Михаил обошел рынок и прилегающие к нему две строительные площадки. Удивился, что поляки-перебежчики говорили по-русски без больших затруднений, сохраняя лишь характерный для поляков акцент. Михаил пытался разговаривать с ними и на польском языке, усвоенном им еще в детстве от матери и няньки, состоявшей в ее свите. Попадались среди поляков и состоятельные купцы. Они жаловались Михаилу, что многого натерпелись от враждующих шаек польских феодалов, и бегство в русскую землю было вызвано стремлением к более спокойной и благополучной жизни.
- Ради этого стоило и веру поменять, - высказался один из поляков, руководивший стройкой.
Внимание Михаила привлек невысокий плечистый и светловолосый поляк. О его принадлежности к польской народности можно было судить по характерным чертам лица и обвисшим усам. Он ловко обтесывал сосновое бревно, которое должно было стать стропилом для кровли.
- Бог в помощь, - приветствовал его Михаил, желая побеседовать с ним.
- Бог-то Бог, только будь сам не плох, - произнес поляк заимствованную у русичей присказку.
- Мудро рассуждаешь, - поощрительно заметил Михаил Всеволодович.
Разговорились.
- Что заставило тебя покинуть Польшу? - настырно спросил русский князь.
- Была на то весомая причина - наше горькое Житье. Паны дерутся, а мы, беднота, страдаем.
- Рассказал бы, мил-человек. Хочу постичь своим умом, что вызвало такой большой отток польского населения на Русь.
- В нашей округе объявился пан с разбойной ватагой. Может, слыхивал о таком - пан Крулицкий. Пострадал от другого пана, того, что был побогаче и войско имел посильнее. Опустошил он поля пана Крулицкого, разрушил его замок, перебил многих его близких. Вынудил сделаться бродячим разбойником. Я стал одной из его жертв. Потерял все имущество. Земельный надел вороги вытоптали, хату спалили, над дочерью надругались.

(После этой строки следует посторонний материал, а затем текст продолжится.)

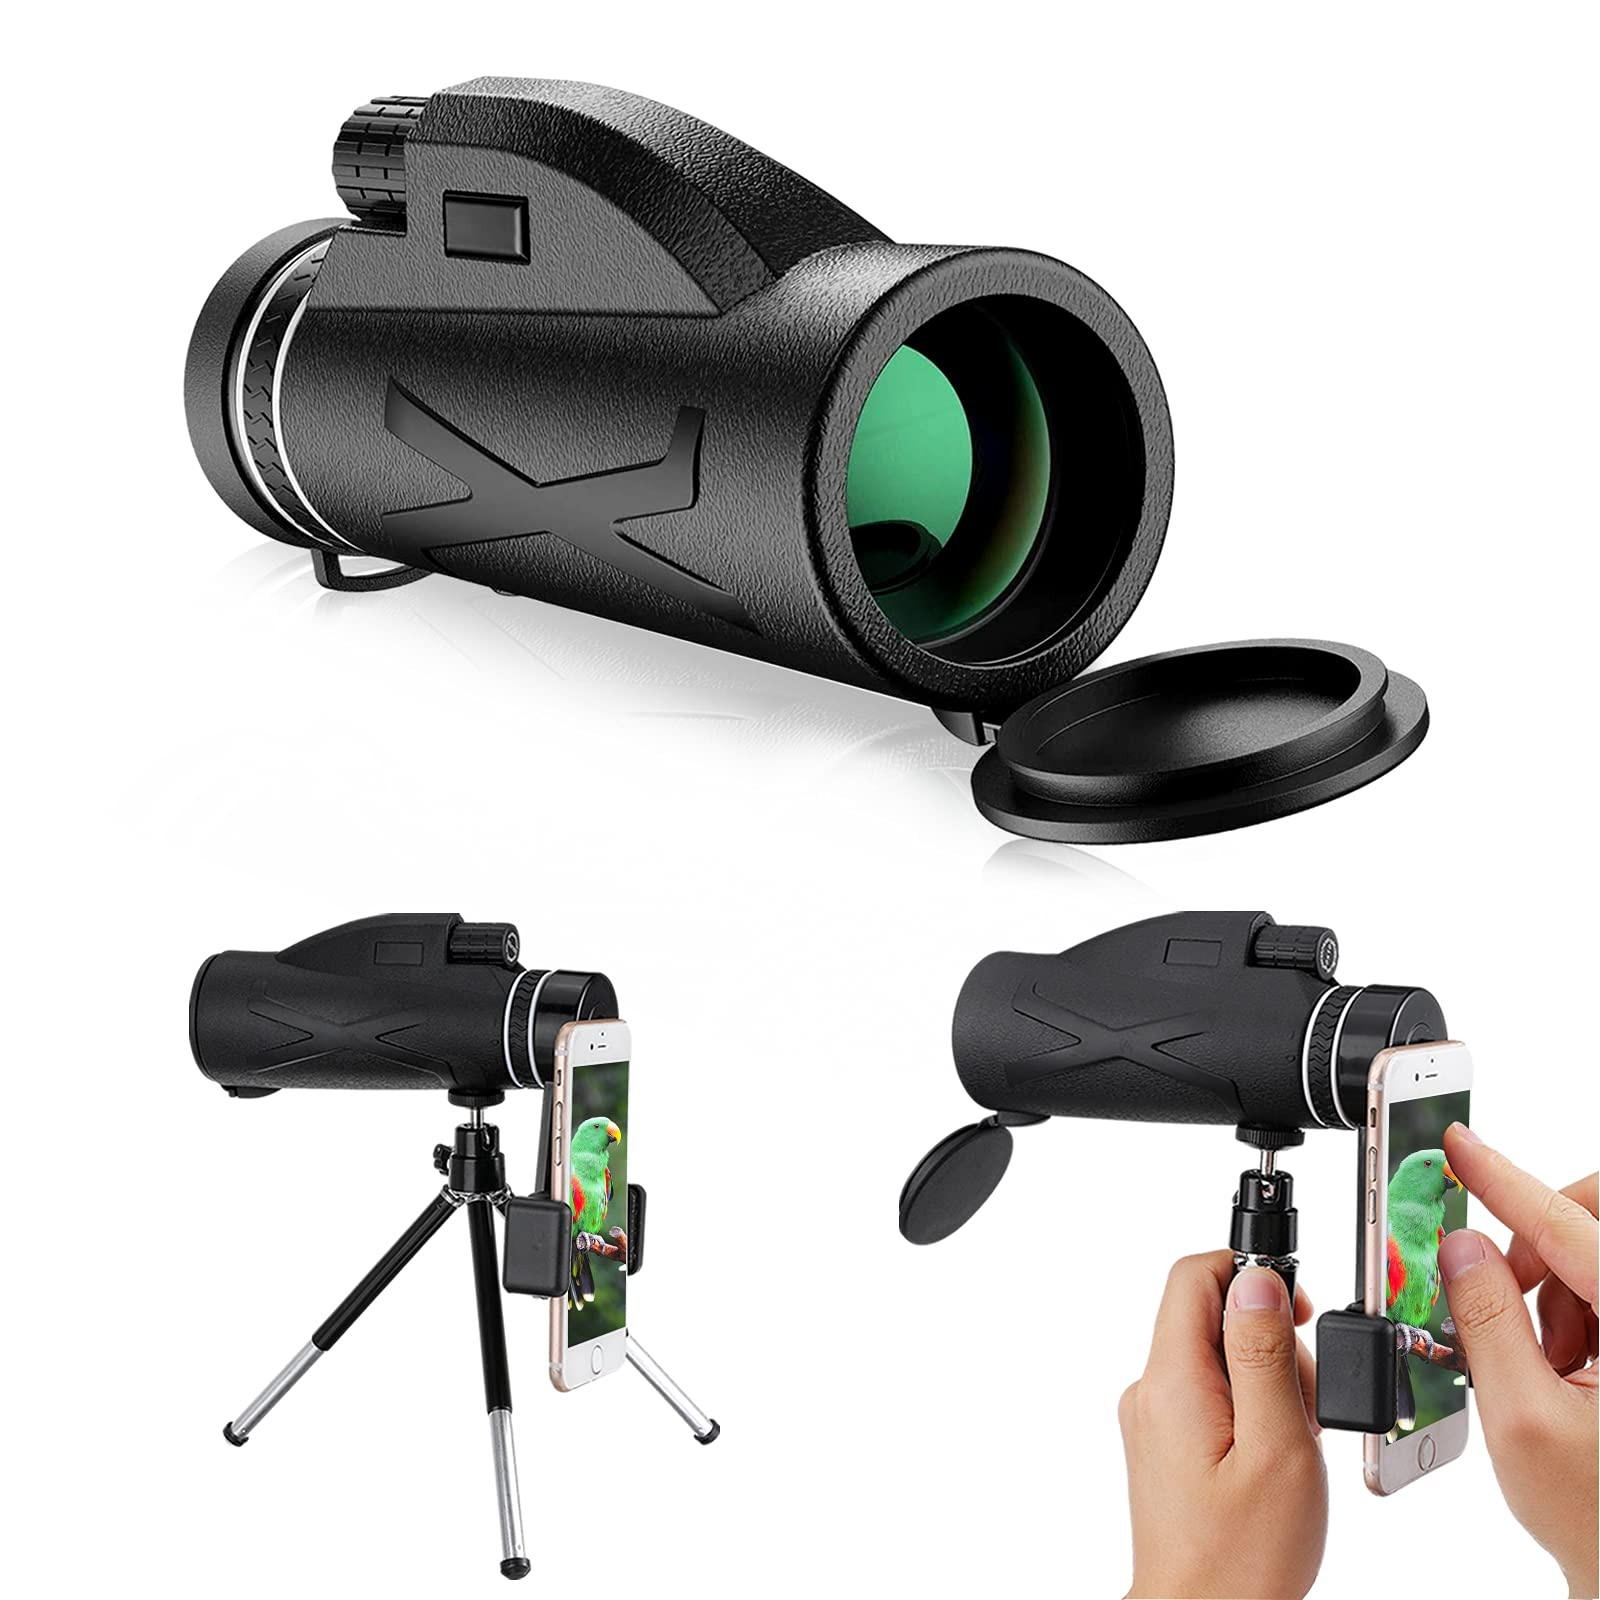 Monocular Telescope, 80x100 High Power Monocular with Smartphone Holder & Tripod, Waterproof Zoom Telescope,for Bird Watching Hunting Camping Travelling Wildlife Secenery
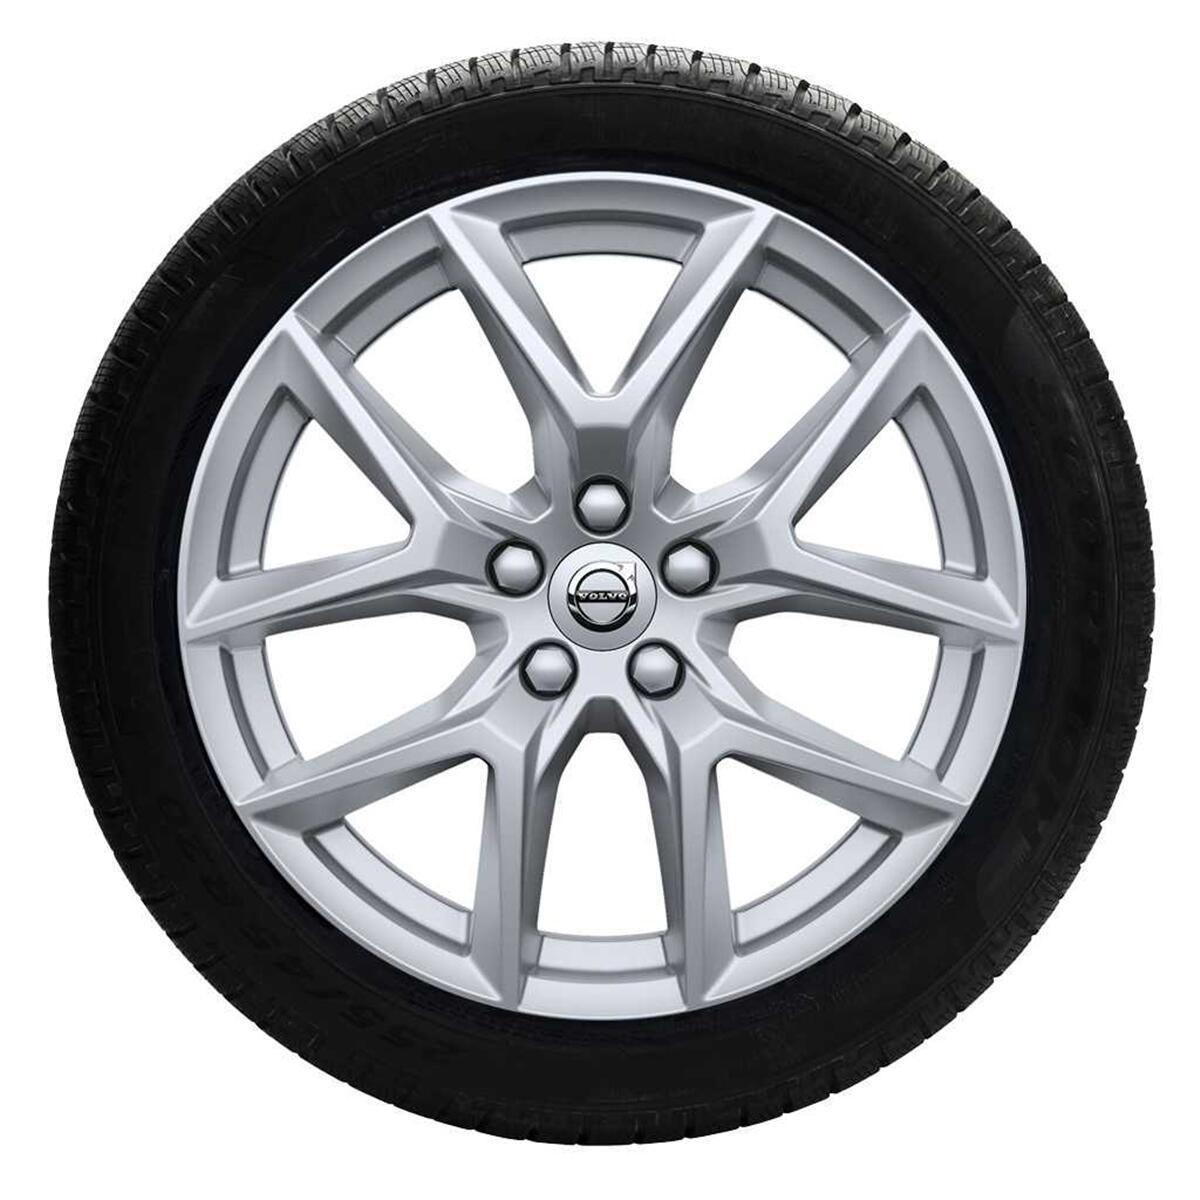 komplet zimskih točkova: 18'', gume Pirelli

- Сочувствую тебе. Ты правильно поступил, что ушел к русичам.
- А что мне еще оставалось? Вот плотничаю, завел небольшое хозяйство.
- А как с твоим верованием?
Поляк вымолвил что-то неопределенное, затрудняясь с ответом.
- В православие не перешел по примеру других? - задал Михаил наводящий вопрос.
- Пока нет. Как-то не решаюсь. Молюсь дома на свой лад, да, наверное, поступлю, как другие мои земляки.
- Решай, как подсказывает совесть. Бог-то у нас един.
- Вестимо.
- Как звать-то тебя? Позабыл представиться, а я не догадался спросить твое имя.
- Сигизмундом меня нарекли при рождении.
- У православных русичей такого имени нет.
- Здешний священник предлагал мне креститься по православному обряду и даже имя новое давал, похожее на мое теперешнее. Какое бы вы думали? Сильвестр.
- И что же ты ответил?
- Сказал: "Подумаю". А батюшка в ответ: "Думай, думай, бусурман. Индейский петух тоже долго думал и в ощип попал". Не пойму, что бы это значило.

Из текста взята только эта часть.